For legacy hardware support reasons I'm keeping around a copy of EAGLE-4.16, which AFAIK uses Qt-3. Even on my dual 4k monitor setup this thing flies. When EAGLE switched to Qt-5 it turned into molasses.
3/
Oh, and as further fun fact: This EAGLE-4 theme switches in response to setting a new XResources instantly.
Qt-6 and GTK-4 have become more responsive, but still: These – ah – so modern toolkits that make use of all the fancy acceleration features of modern hardware still fail to do something, that software from 25 years ago has zero problems with, even if confronted with 16× the amount of pixels.
This is the cost/benefit calculation I do with regard to Wayland/X11
Wayland gives me very little, but piles a huge combinatorial explosion of extensions on clients and compositors, vastly inflating the complexity of the whole system, if it wants to be resource efficient in general purpose use.

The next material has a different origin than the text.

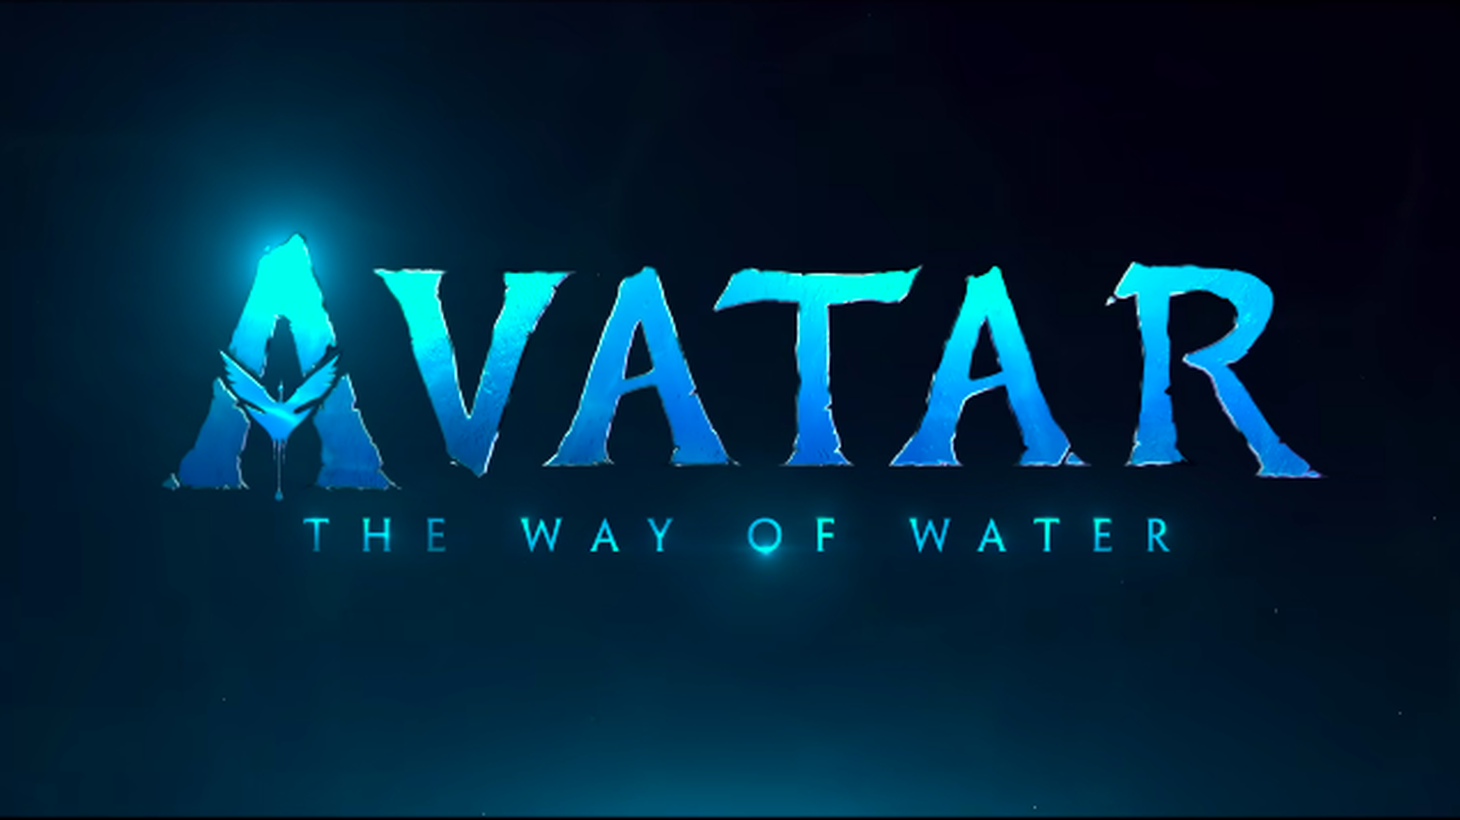 “Avatar: Way of Water” is the epic, sci-fi sequel from director James Cameron.

X11 (Win32 GDI for that matter) give me a reasonably well designed resource allocation, that everything just uses.
@datenwolf @newbyte @mirabilos @jzb I have debugged plenty of X11 and Wayland client code in my life and having to deal with "combinatorial explosion" of stuff definitely describes the experience of working with the former more than the latter.
@dos @newbyte @mirabilos @jzb
So I do it… and then? Then only programs that actually know about these extensions and actually use them will give me their benefits.
Every program which developers' didn't care about going the extra mile will waste memory, simply by creating toplevel windows on screen.
Memory that's not available for doing actual work (like visualizing data).
Old-school graphics systems give the benefits to all applications, without extra effort.